James Wierzbicki / writings

Impressionism

LIKE so many of the sweeping terms that enter into our conversation on the arts, ''impressionism'' began as a pejorative.

Claude Monet, well-represented in the new impressionism show at the St. Louis Art Museum, was probably thinking only positive thoughts when he used a variant of the word in the title of a canvas he produced in 1872. But two years later, when the painting was exhibited in Paris, a reviewer appropriated the word and twisted it into a barb. Monet called his work ''Impression: Sunrise.'' The critic Louis Leroy in turn wrote that Monet was a mere ''impressionist,'' an artist who - possibly shallow-minded, possibly ill-equipped with technique - abandoned the traditional painterly values of detail and clarity for the sake of self-indulgent blurs.

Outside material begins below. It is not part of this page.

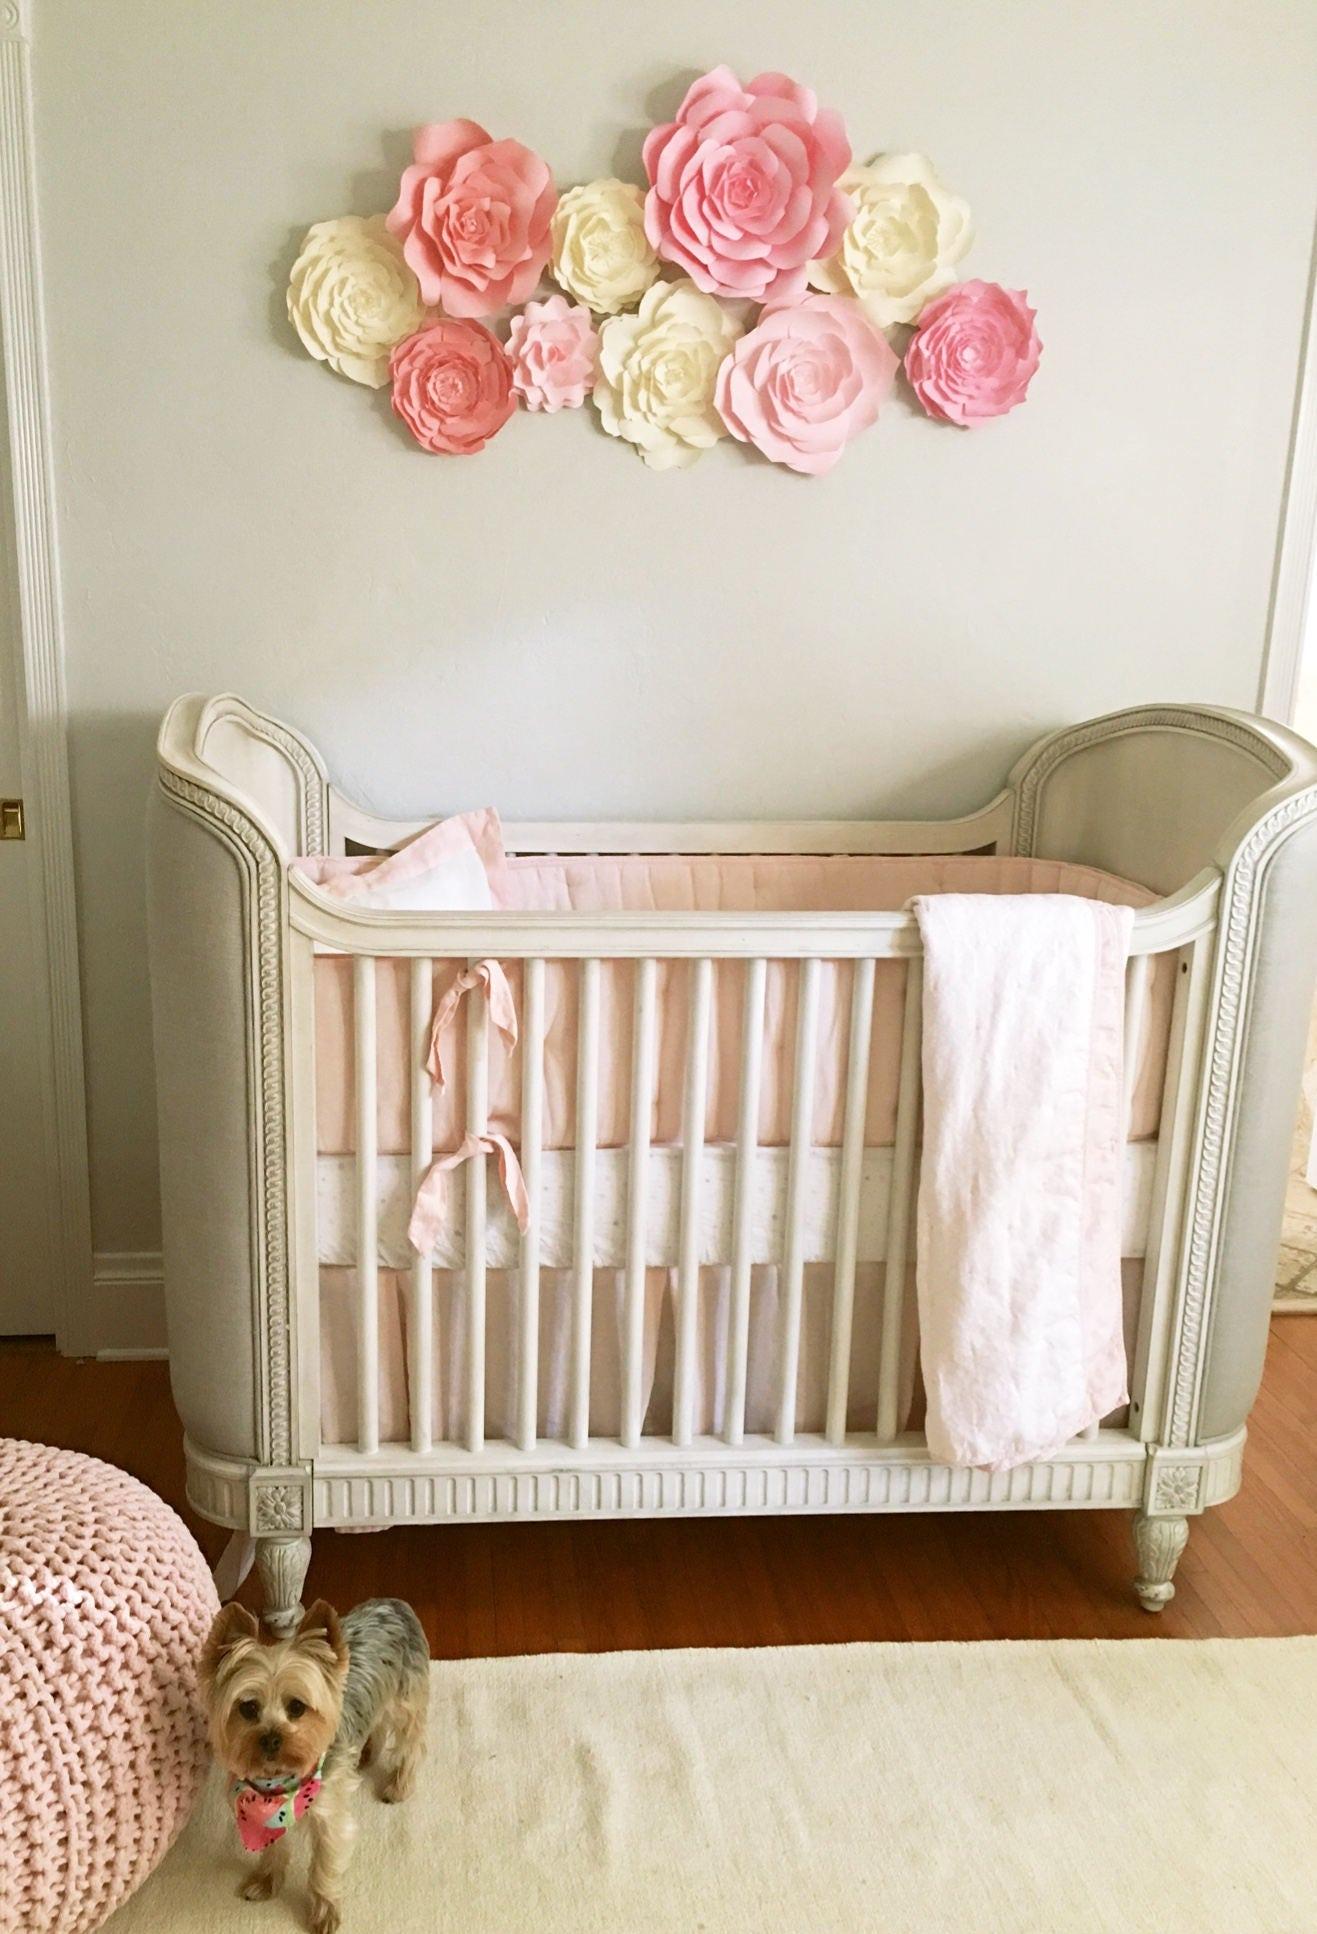 Curtains For Baby Girl Nursery: Baby Nursery Wall Decor Paper Flowers For Girls Nursery

More than a decade later, a comparable reprimand introduced the term into musical language. In this case, it was the secretary of France's Academy of Fine Arts doing the scolding, and it was the young composer Claude Debussy who was getting his knuckles rapped. Debussy had won the academy's prestigious Prix de Rome scholarship in 1884, and in 1887 he was applying for it again, this time with an orchestral piece called ''Printemps.'' The piece made for a nice try, the secretary commented in his formal letter of rejection. But it was hardly a work for which the prize could be awarded. ''Monsieur Debussy does not lapse into banality, nor is he platitudinous,'' the secretary wrote. ''On the contrary, he has a pronounced tendency - too pronounced - toward an exploration of the strange. One has the feeling of musical color exaggerated to the point where it causes the composer to forget the importance of precise construction and form. It is to be strongly hoped that he will guard against this vague impressionism, which is one of the most dangerous enemies of truth in works of art.''

Even then, of course, this ''dangerous enemy of truth in art'' was getting the upper hand.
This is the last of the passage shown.